La libertad no es tener infinitas opciones. Es cómo decidís. Cuando me planteo una pregunta, trato de decidir desde mi yo interno, sin las influencias externas de mi cultura. Todavía no soy libre, pero estoy en camino. ¿Quién soy? Soy el proyecto de mí misma. Mi vida solo depende de mí. Sé el héroe de tu propia historia. Definan sus propios términos, ustedes deciden cómo de mágica sea su vida.

Guada ha recorrido muchos países con su moto. Me pregunto qué le deparará su nuevo viaje, qué desafíos y alegrías encontrará en su camino y qué exquisitas reflexiones compartirá con sus lectores. ¡Gracias por inspirarnos tanto, Guada!
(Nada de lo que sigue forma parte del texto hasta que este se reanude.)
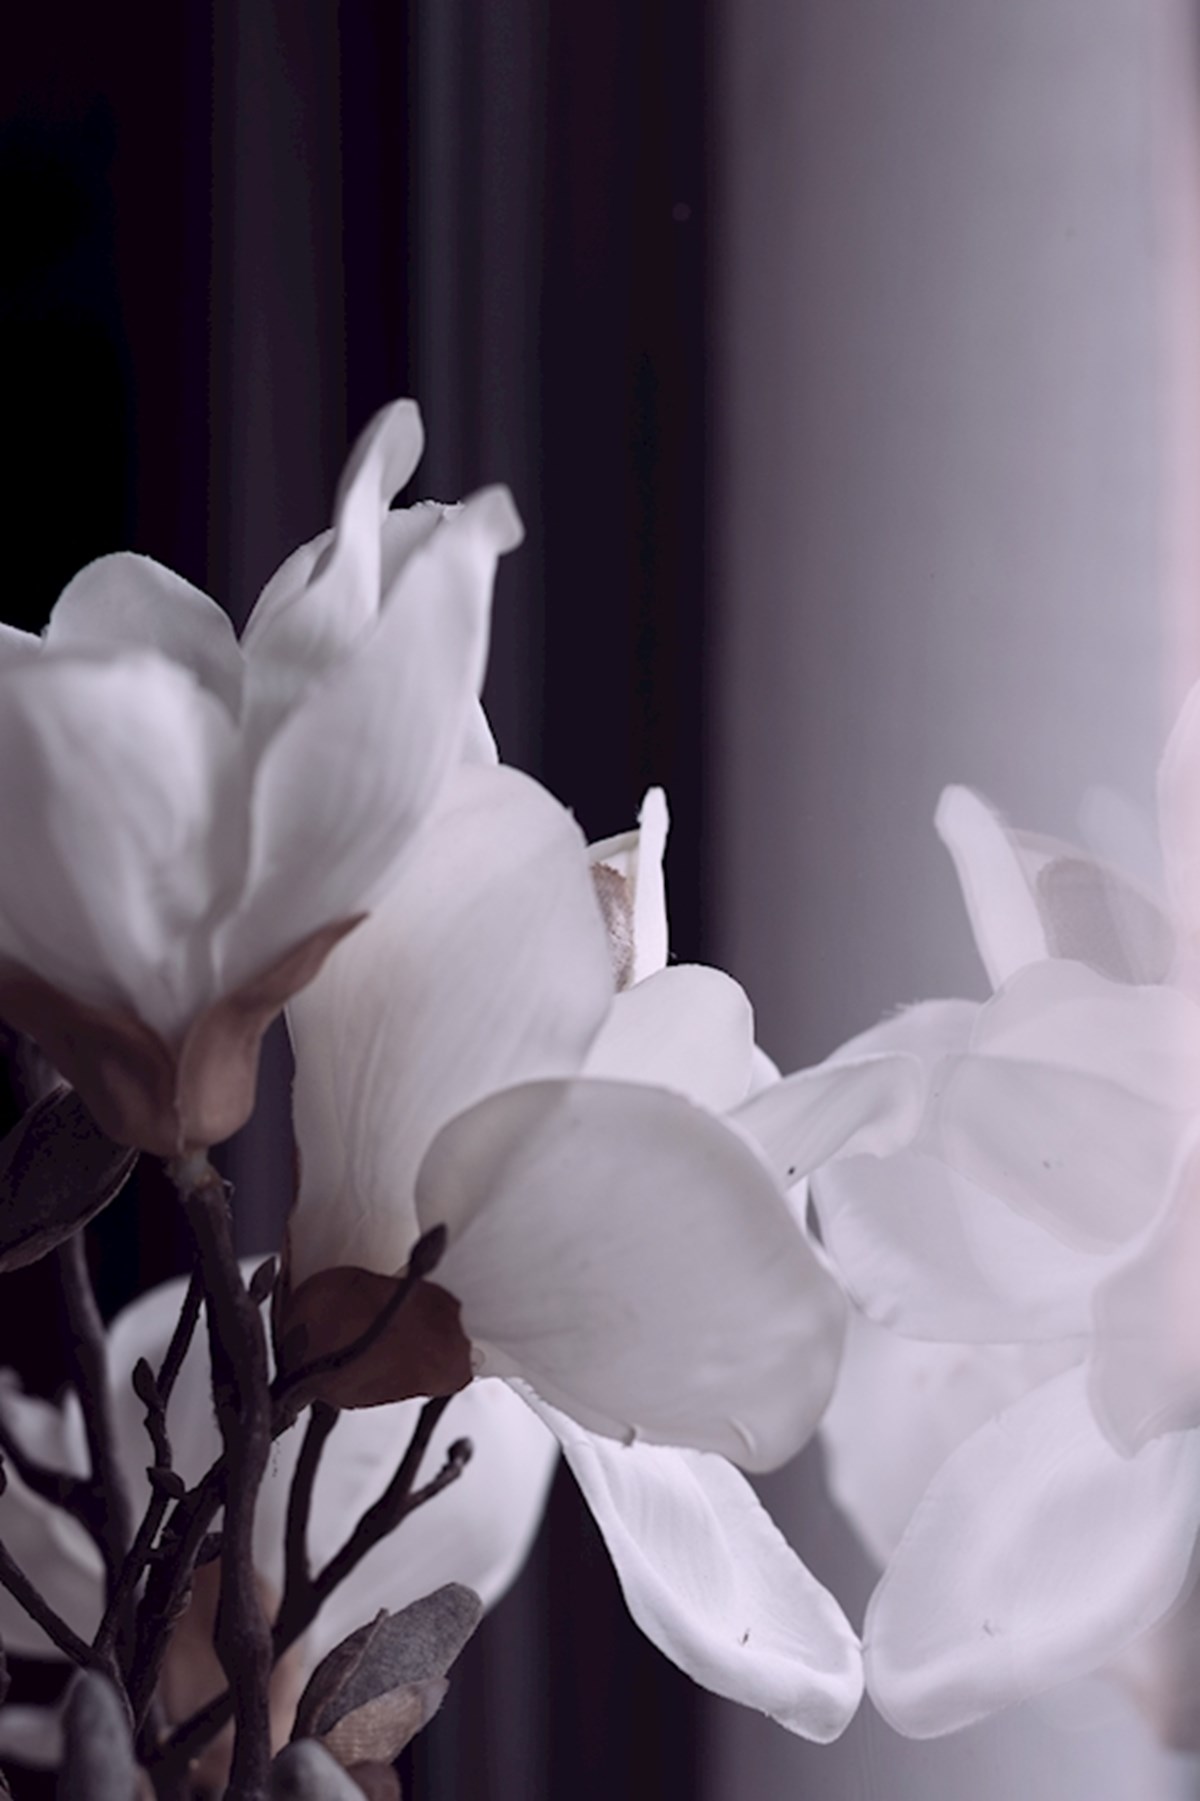 Tag væk Odysseus interpersonel Hvide blomster plakat af Annika Bäcker - Printler

Puedes seguir las aventuras de Guada en su cuenta de Instagram, en su página de Facebook, en su canal de Youtube y en Twitter.

 

8 thoughts on ““Después de viajar, mi definición de la felicidad fue cambiando”, Guada Araoz, la viajera y motorista más espiritual

  1. Una de las personas que me ha inspirado a buscar como iniciar mi viaje, como quitar esa venda de los ojos y ver el mundo como es realmente y ver todo lo que conoces desde otra perspectiva.

    Espero algún día poder saludarla en persona.

    1. ¡Hola Cristian! Estoy mirando tu blog, ¡ya veo que viajas también en moto! Pues Guada ha dado más de una charla por ahí, quién sabe, tal vez algún día puedas conocerla. Me alegro mucho de que te haya inspirado, a mí desde luego que me inspiran mucho sus palabras 🙂

  2. Isabel precios artículo y preciosa la protagonista! Muchísimas gracias a las dos por inspirarnos a todos los demás a seguir luchando por los sueños y tener el valor de seguir hacia delante.
    ¡Enhorabuena a las dos!

    1. ¡Hola Ana! Tú también pudiste escuchar a Guada en persona 🙂 Pues sí, me encanta la manera de Guada de ver los viajes y la vida en general, fue súper interesante haberla conocido. ¡Gracias por tus palabras!